Malaysian Muslims participate in a Maulidur Rasul parade in Putrajaya, 2013

Sunni IslamEdit

The Sunni Islam of the Shafi'i school of thought is the official, legal form in Malaysia, although syncretist Islam with elements of Shamanism is still common in rural areas. Mosques are an ordinary scene throughout the country and adhan (call to prayer) from minarets are heard five times a day. Government bodies and banking institutions are closed for two hours every Friday so Muslim workers can conduct Friday prayer in mosques. However, in certain states such as Kelantan, Terengganu, Kedah and Johor, the weekends fall on Friday and Saturday instead of Saturday and Sunday.

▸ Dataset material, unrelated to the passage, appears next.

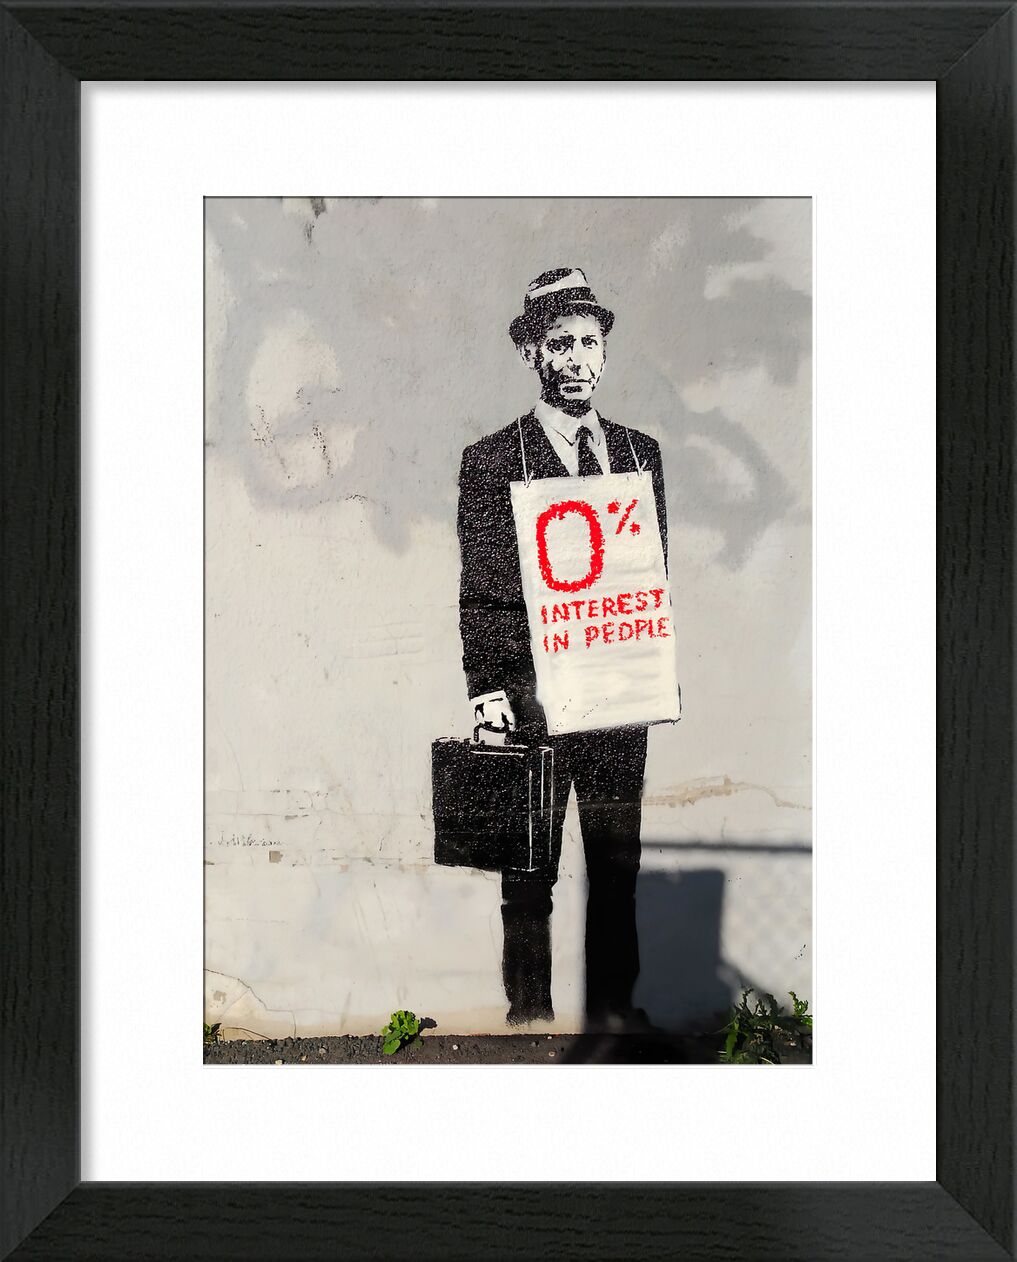 0% Interest - BANKSY von Bildende Kunst, Prodi Art, banksy, Menschen, Graffiti, arbeiten, Arbeiter

It has been introduced to several states, notably Kelantan and Terengganu, all businesses close for 2 hours on every Friday for prayers. Failure to comply would result in fines.

Since it is compulsory for muslims to perform a prayer 5 times a day no matter where they are, almost all public places, including shopping malls, hotels, condominiums, usually have allocated spaces called "Surau", for performing the Muslim prayers.

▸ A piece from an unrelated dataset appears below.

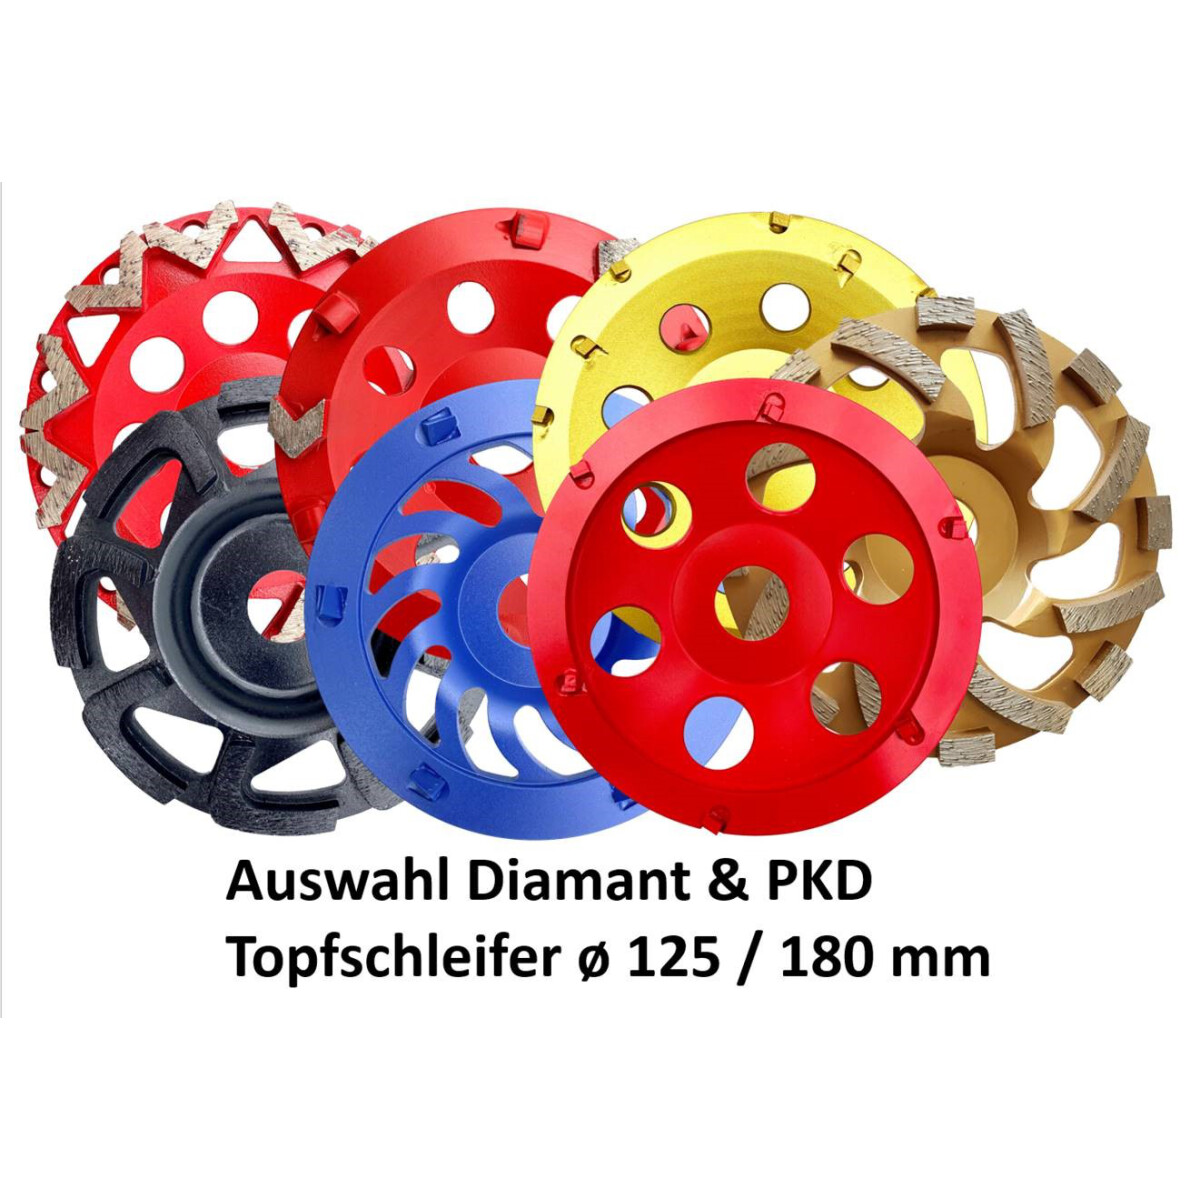 Bosch Diamant Schleiftopf Schleifteller 125 mm für Winkelschleifer 2608201235

In 2017 it was reported that Wahhabism is spreading among Malaysia's elite, and that the traditional Islamic theology currently taught in Government schools is gradually being shifted to a view of theology derived from the Middle East, particularly Saudi Arabia.[36][37]

Shia IslamEdit

The Malaysian government has strict policies against other Islamic sects, including a complete ban on Shia Islam,[38] allegedly to "avoid violence between the two faiths that has sometimes broken out in other parts of the world by promoting only the Sunni faith".[39][40] Due to decades of the Saudi funding, Shia Islam is openly and freely demonised and Shia Muslims are oppressed in the country, their prayers and gatherings are broken up, state's secret service also engages in Shia forced disappearances. Anti-Shi'ism reaches such an extent that the mainstream media always present Iran in bad light while blindly glorying Saudi Arabia.[41]

Other sectsEdit

A notable sect that has been outlawed is Al-Arqam.[42]

Muslims who believe Mirza Ghulam Ahmad to be the fulfilment of the Islamic prophecies concerning the return of Jesus, the Ahmadiyya, are also present. There are approximately 2,000 Ahmadis in the country.[43] Though small in number, they face state sanctioned persecution in Malaysia.[44]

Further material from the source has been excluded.